Auch das Betreuungsgeld, der Ausbau von Kita-Plätzen und die Energiewende seien wichtige Themen der nächsten Monate. Um die Energiewende erfolgreich zu gewährleisten, sei eine "Kontinuität der Aufgabenerfüllung notwendig", so Merkel. Jeder habe seine Aufgabe, um die Energiewende zu einem Erfolg werden zu lassen. Neben dem Bund seien auch die Länder in der Pflicht. Bund und Länder müssten noch enger zusammenarbeiten.

Röttgen nannte die Niederlage "flächendeckend und klar". Es sei auch seine "persönliche Niederlage", aus der er die Konsequenzen gezogen habe und für die er sich weiter verantwortlich fühle.
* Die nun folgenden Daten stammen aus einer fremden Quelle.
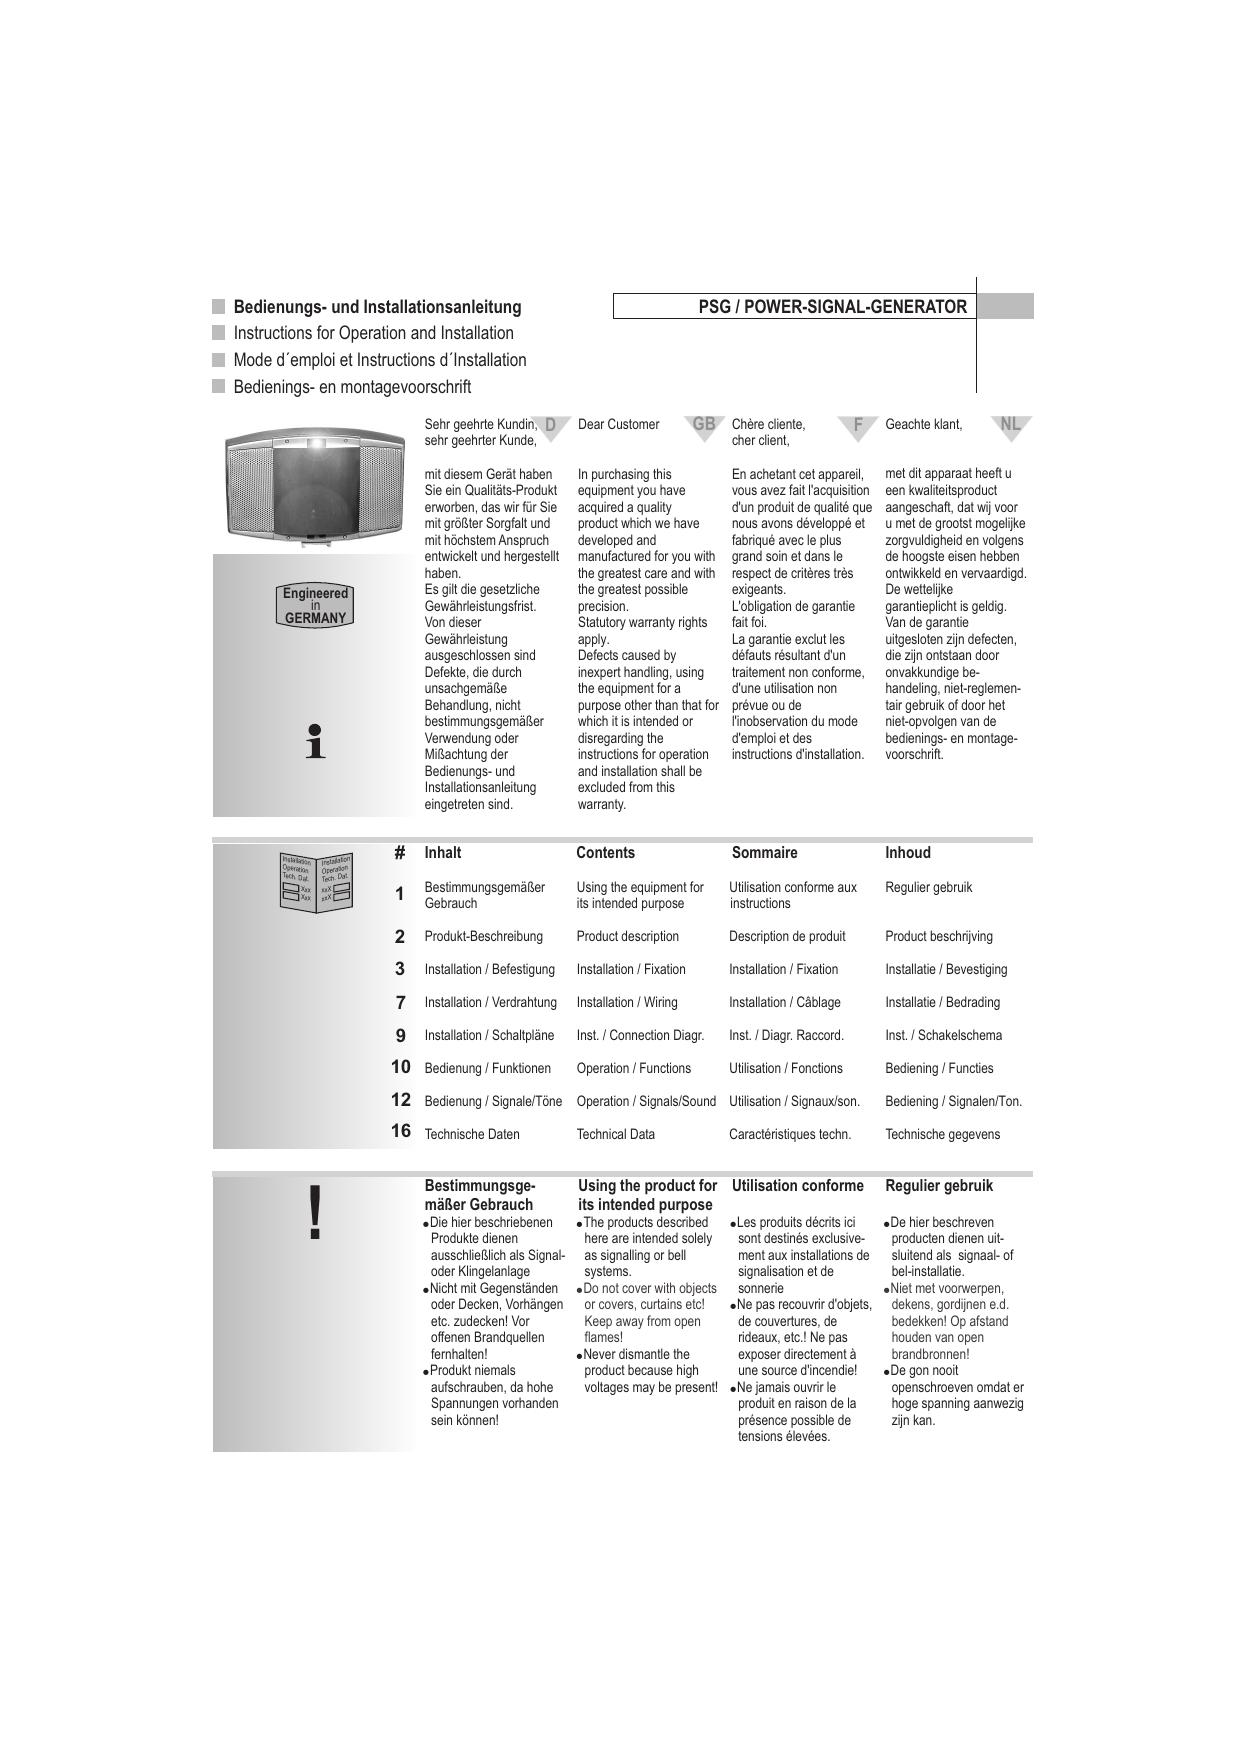 und Installationsanleitung Instructions for Operation | manualzz.com

Die CDU Nordrhein-Westfalen habe es nicht geschafft, eine Wechselstimmung zu erzeugen. "Wir sind gegen die SPD weder inhaltlich noch mit der Person des Spitzenkandidaten durchgedrungen", so Röttgen.

Der Bundesumweltminister betonte, dass man im Landesverband eine offene Diskussion über die weitere Zukunft führe. Die CDU Nordrhein-Westfalen habe schon am Vorabend trotz der Bitterkeit der Ergebnisse einen sehr guten Gemeinschaftssinn gezeigt. "Wir stehen zusammen", so Röttgen. Neben der Wahlanalyse wolle man auch nach vorne schauen. Die CDU werde ihre Arbeit als Opposition in Nordrhein-Westfalen konstruktiv annehmen.